How can a different mindset actually make me smarter financially?
By observation. Yes, that’s right, it’s that simple. By observing your mindset, you create the potential for change. Maybe you’ve heard this before in Quantum Theory. If you haven’t, here it is in a nutshell: electrons behave differently when they are observed (Observation Affects Reality)! I know what you’re thinking here, we’re talking smarter personal finances not quantum physics! But no worries, this really is simple stuff.
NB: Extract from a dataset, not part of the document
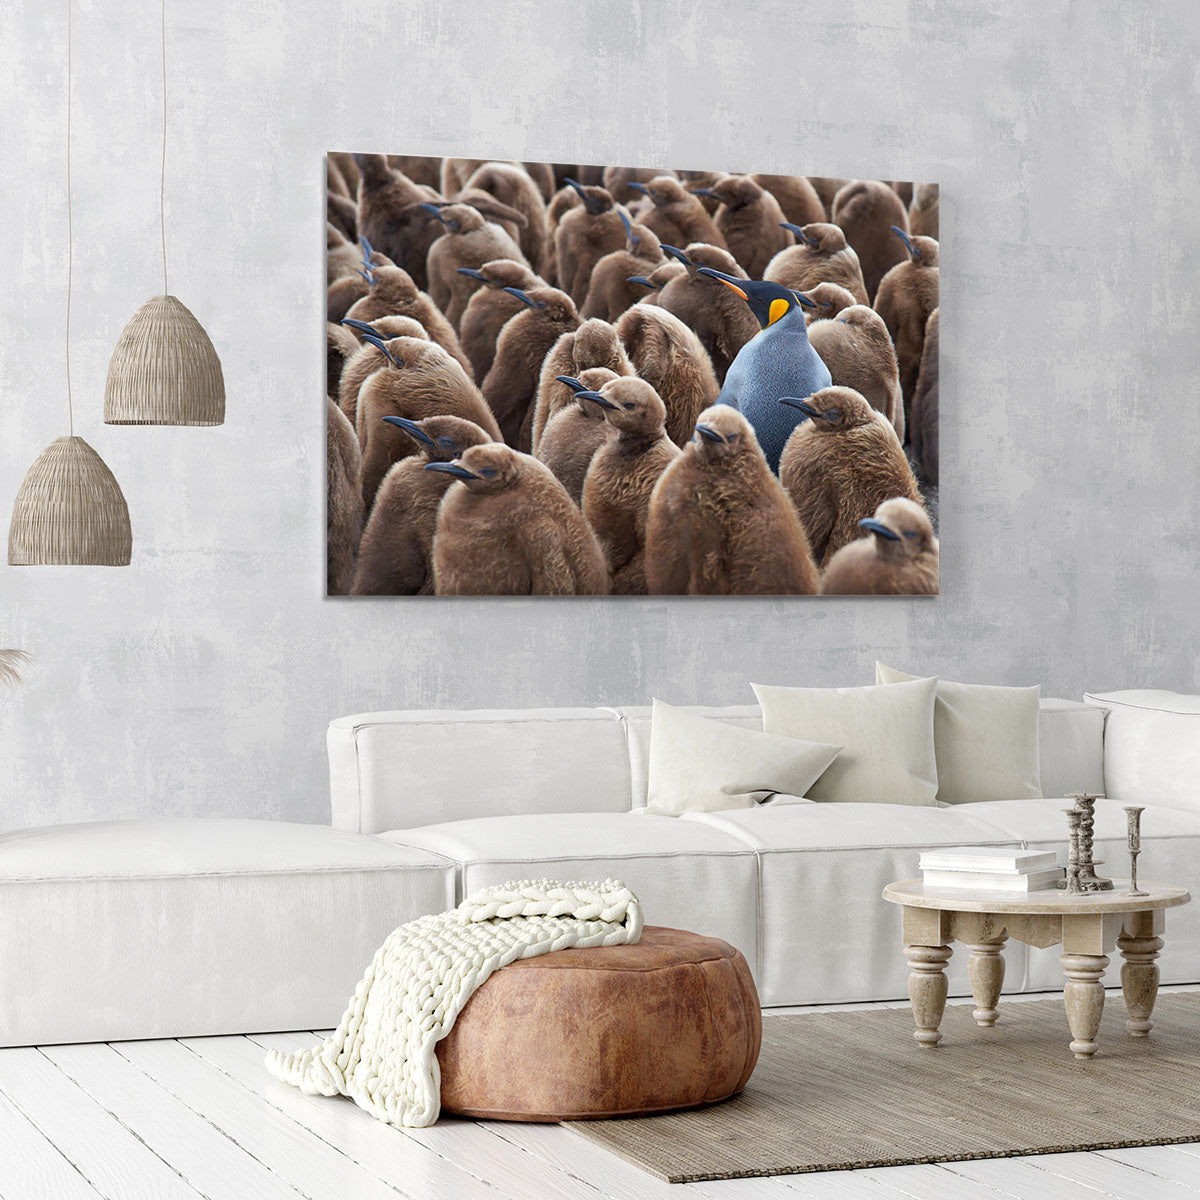 Adult King Penguin Aptenodytes patagonicus standing amongst a large group Canvas Print or Poster - Canvas Art Rocks - 6

So let’s jump right in. If you use a personal finance software, this first step is going to be super easy, and save you lots of time. Take a look at your spending for the last 3 months. If you don’t use a personal finance software, you might try exporting the transactions for the last 90 days from your online bank account into a spreadsheet. It will take a little work, but if you add a category column, and fill in the purchase and income categories you’ll have some intelligible data to use. Next, just make a pivot table with the categories as rows, and amounts summed and you have what you need. Do you see why we believe personal finance software is a real time saver?
Either way, what we’re going for here is a bird’s eye view of how much money you made over the last 90 days, and where it went. While you do this exercise, think about any bills or expenses you couldn’t tackle because of lack of funds. And if you put ANYTHING on credit cards during this period, well…
This simple exercise is a real eye opener and game changer.
Step 1: Become aware of spending choices
Do you see some category spending that is discretionary? Investopedia describes discretionary this way: “Discretionary income includes money spent on luxury items, vacations, and nonessential goods and services.” In other words, money you have left over after the bills are paid. If you couldn’t pay your self employment taxes or utilities bill on time, but managed to spend a whole lot on dining out at your favorite restaurant (ahem), then there is a problem. You’ve just found in reality what you’ve been considering free cash to spend is actually deficit spending!
Step 2: Making a commitment to better spending habits, using a zero-based budget.
A zero-based budget sounds like it might be complicated, but it’s really quite easy. Sticking to it is where you’ll test your moxy.
We’ve already written a detailed article on zero-based budgeting, so here I’ll keep it short and sweet. You budget every dollar in your checking account(s) available for spending, You prioritize your most important categories first (think shelter, food, etc. before new shoes). If you don’t run out of dollars to distribute, you budget your “important but not critical” expenses next. An example would be, you have to pay your mortgage or rent or else… so that gets funded first. While you like your DirectTV subscription, that would not come before other must-haves like electricity. If you’re close to already being pretty responsible, you’ll even have some money left over for the fun stuff, like eating out at that favorite restaurant and other discretionary spending.
The key here is, if you’re diligent and stick to the plan, you’ll never get behind the proverbial eight ball. Good bye to the paycheck to paycheck stress and blues!
Step 3: You’re sailing along, and kaboom!
Your car needs a major repair. Wait, that’s not in the budget, what now? For many here’s where they fall off the horse (unfortunately many don’t get back on it until the next New Year’s resolutions). Let’s say this emergency with the car ended up costing you $600 “un-budgeted” dollars, but you’ve already earmarked other dollars in your “important but not critical” categories. Unlike when you were flying blind, you have actionable choices. By taking cash reserves from your entertainment, dining, clothes and other “discretionary” categories for example, you avoid the “charge it” impulse. Hint: when you use the envelope budgeting system, this is super easy to do.
I know personally, when that set back moment comes, it is hard, real hard! After all, pulling out that Platinum Visa card is not only easy, most of us have a false association of gratification (like Wimpy’s “I’ll gladly pay you Tuesday for a hamburger today.”) If you can stitch together a few victories like these in a row, not only will you disrupt the debt pattern and gain momentum to keep at it, but you begin to see new insights within your financial pictures. You start winning, and want to win more!
We’ve covered a lot here, so I’ll leave you with this: every journey begins with a step, and the first step in becoming financially stable, is to create a new personal finance mindset that will without a doubt lead you to more happiness, and less stress!